Tuesday, August 14, 2007

DVRs and vampire power

I've been curious for awhile about the vampire power used by DVRs like TiVo. It's worse than I thought: according to the NRDC, set-top boxes in the U.S. alone consume $2 billion worth of electricity annually, or the equivalent of 15 million pounds of carbon dioxide.

Broadcasting & Cable does a good job covering how different DVR makers are increasing the energy efficiency of their products. More eco-friendly consumer electronics are a win for everyone: manufacturers whose products will last longer; consumers who will enjoy lower power bills; and the environment.

Friday, August 10, 2007

Blackle.com is the new green

Heap Media has responded to Mark Ontkush's observation that a black background version of Google would save 3000 Megawatt-hours a year by going ahead and building one.

From a usability perspective, white type on black is clearly harder to read, so I don't think this is a final design answer.

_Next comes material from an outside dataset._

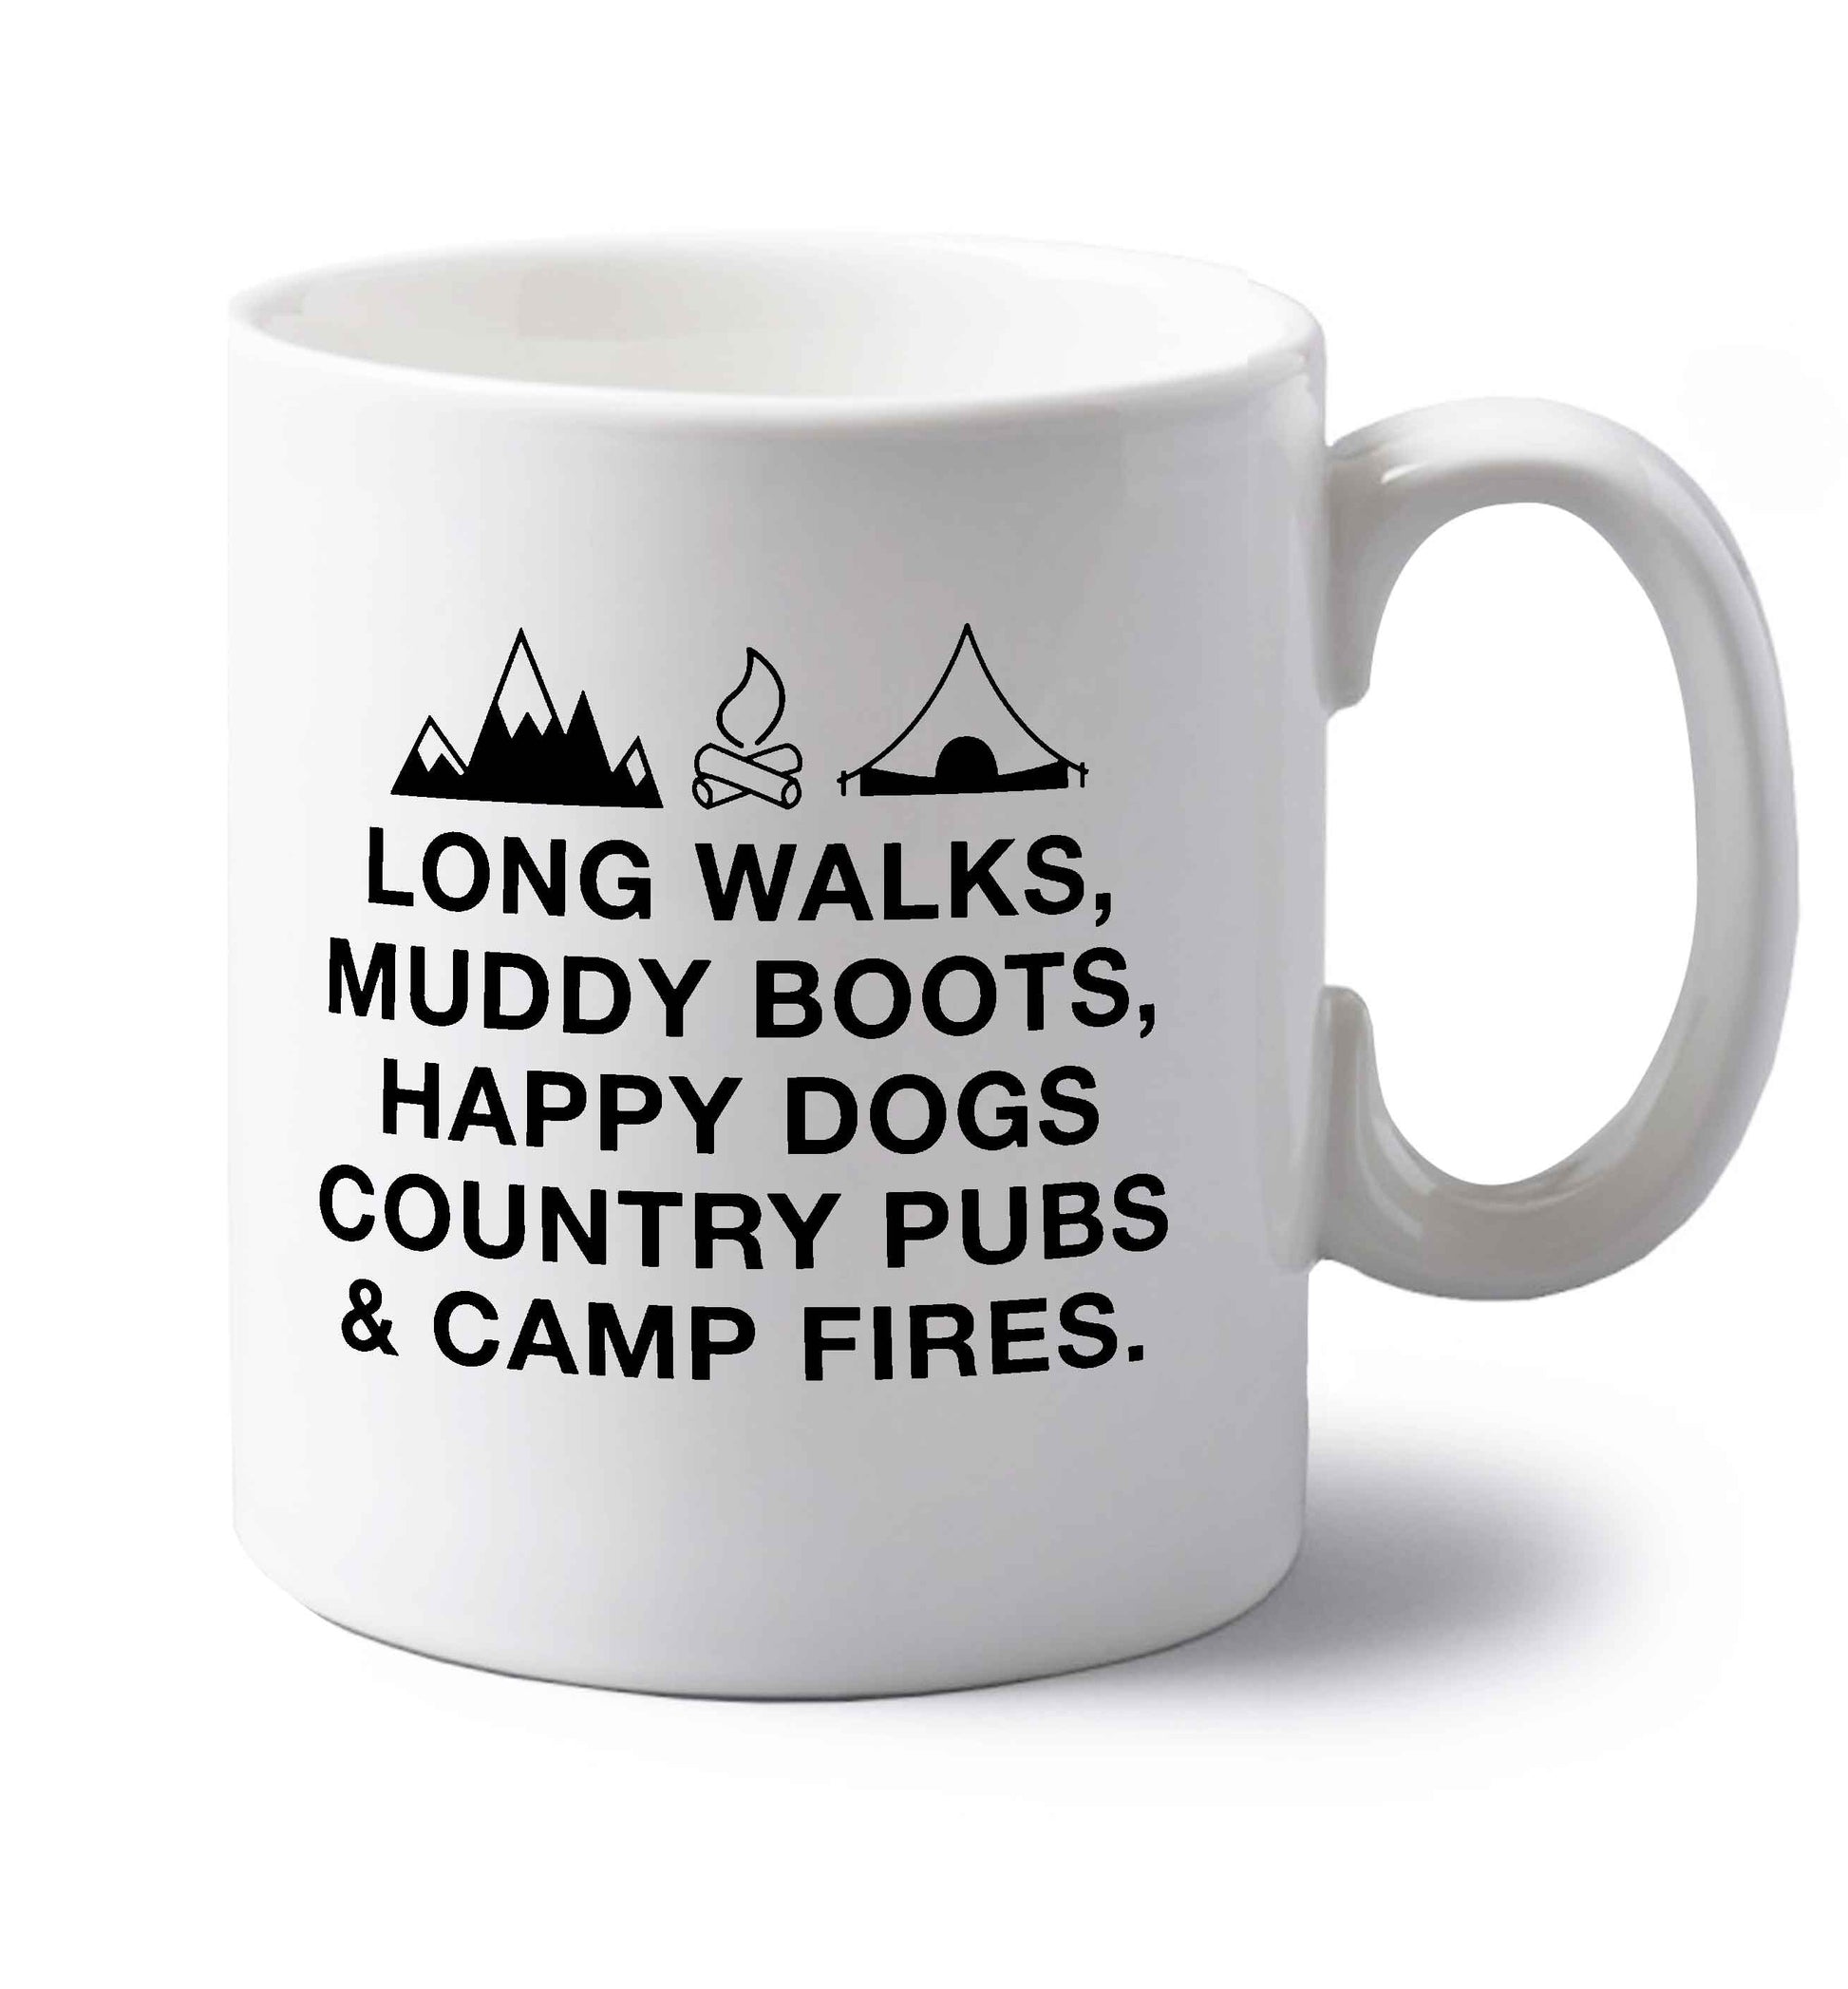 Long walks muddy boots happy dogs country pubs and camp fires left handed white ceramic mug

But I like how Blackle sparks conversation about new and better ways to green the web. Kudos.

(Thanks to Todd for showing me this.)

Tuesday, July 10, 2007

Second Chance Trees

Oh, I love this. Another great example of how Second Life can help spark conversation, and foster real-world progress... in this case on the issue of reforestation. (from 3pointD)

Sunday, July 08, 2007

Greening the urban fabric


Check out this post in BLDG on the New York Bike-Share Project. A fantastic idea—both convenient and human-scale. I'd love to see someone do this here in San Francisco.

Wednesday, May 02, 2007

A greener Apple

Steve Jobs responds to environmental groups who have criticized the sustainability of Apple's products.

Wednesday, March 28, 2007

Go green by getting lazy

From Worldchanging blogger Karl Shroeder:

"There is a secret to changing your behavior. The trick is not to trust your own willpower. Instead, arrange conditions outside yourself such that the desired new behaviour is always your laziest option."

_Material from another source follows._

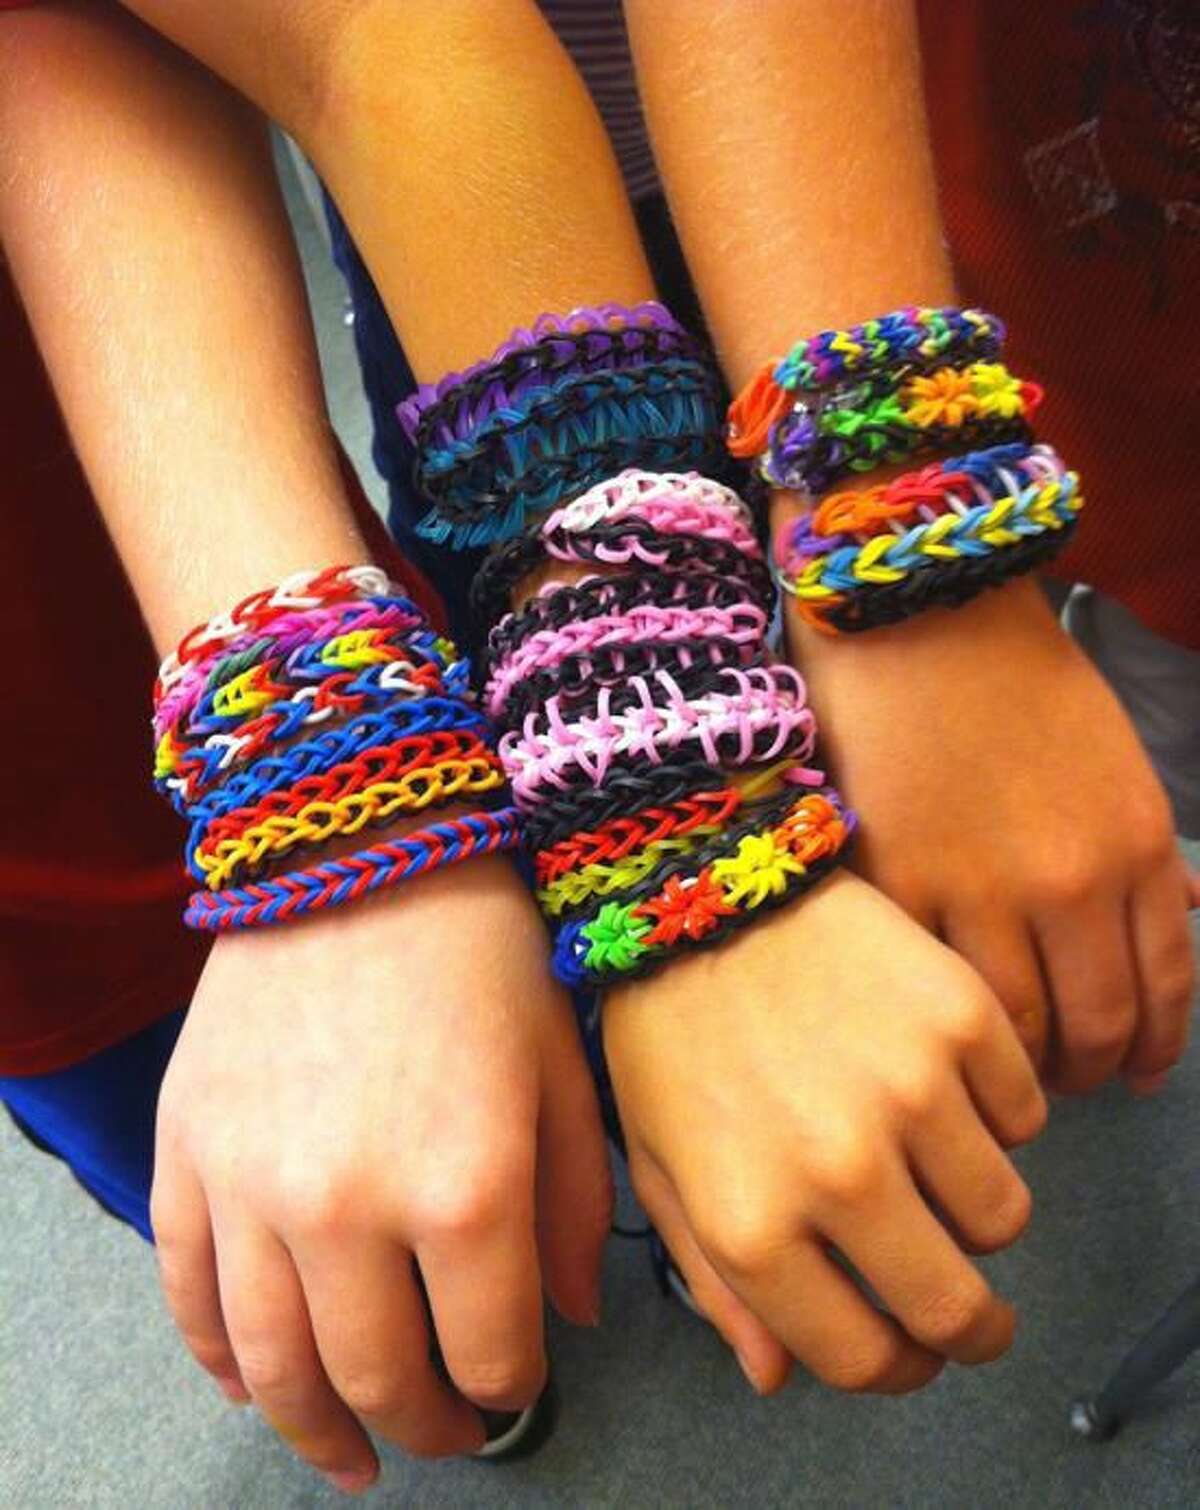 It's like a rainbow - Rubber band bracelets for young set come in

And the wisdom to know the difference

Joel Makower summaries this month's HBR and Atlantic cover stories on how companies can manage the risks and opportunities of climate change.

Saturday, March 10, 2007

Clean Energy Trends 2007

Joel Makower and Clean Edge have released their free report on the most important clean energy trends for 2007, including the following top five:
  • the traction of carbon markets
  • the growth of closed-loop biorefineries
  • the promising growth of advanced batteries
  • Wal-Mart's unexpected clout as a clean-energy market maker
  • energy utilities' growing enlightenment around renewable energy
  • Sunday, February 18, 2007

    GreenDimes

    Here's an easy and cheap way to stop junk mail, save some trees, plant some more, and protect yourself against identity theft. (As blogged by Adam at TerraBlog.)

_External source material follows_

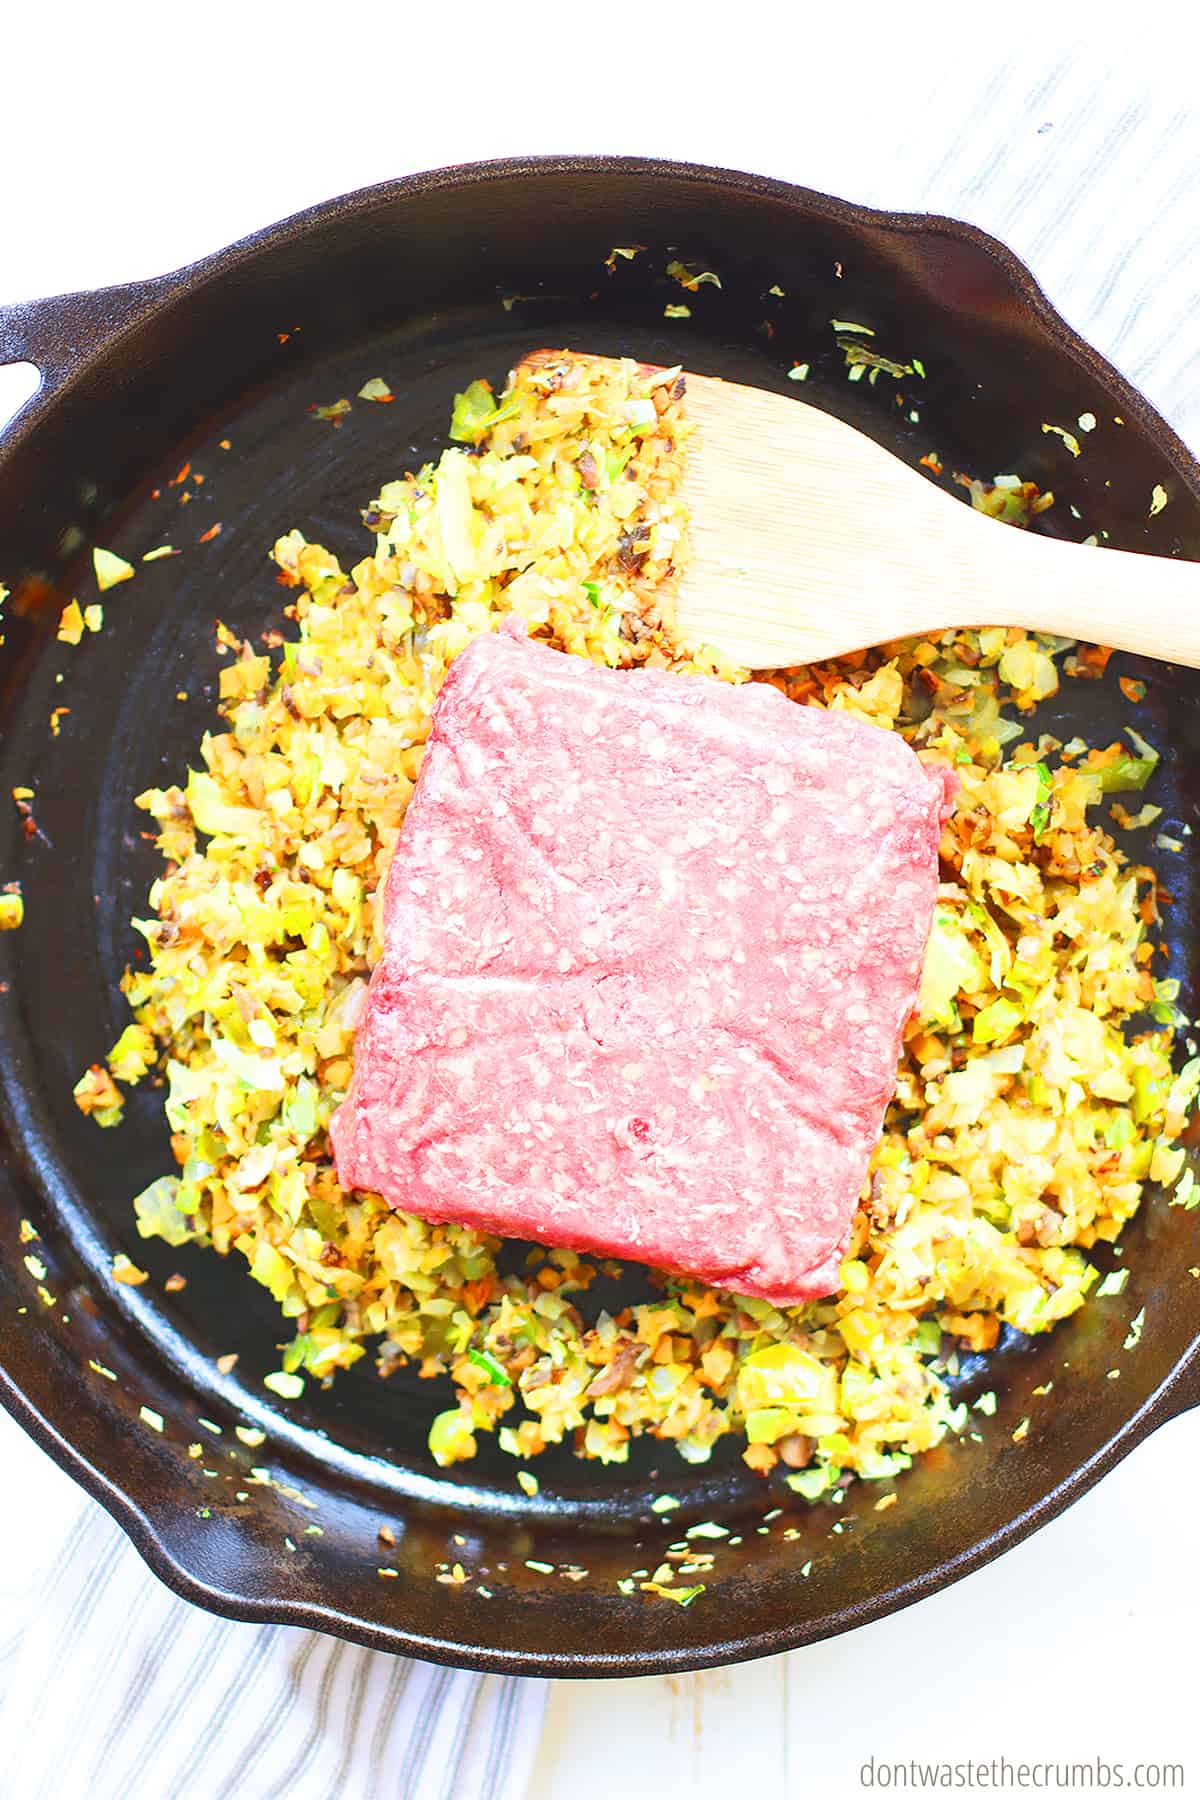 Raw meat on top of the meat filler mixture in a cast iron skillet with a wood spoon stirring.

    Sunday, February 04, 2007

    Amoeba's Big Green Box

    Local music mega super community store Amoeba Records has introduced a Big Green Box at its Hollywood store where customers can turn in e-waste for recycling seven days a week. With other innovations like selling CFL lightbulbs along with CDs and DVDs, Amoeba is "turning out to be a huge independent music store with a big green heart" (via Worldchanging).

    Tuesday, January 30, 2007

    The High Purpose Company

    I just finished reading Christine Arena's "The High Purpose Company" and recommend it to any companies who want to marry doing well with doing good. There are several inspiring books out there that make the case for marrying wealth creation and social responsibility, as well as a lot of data-driven analyses, but Arena's book is one of the first I've seen that connects all those dots: purpose, culture, business DNA, and metrics.

    Arena's book is filled with great examples—and just yesterday, I came across a new one: this Techcrunch article where co-founder Sergey Brin at Google admits that going into China with a censored search engine was a "net negative" for their business.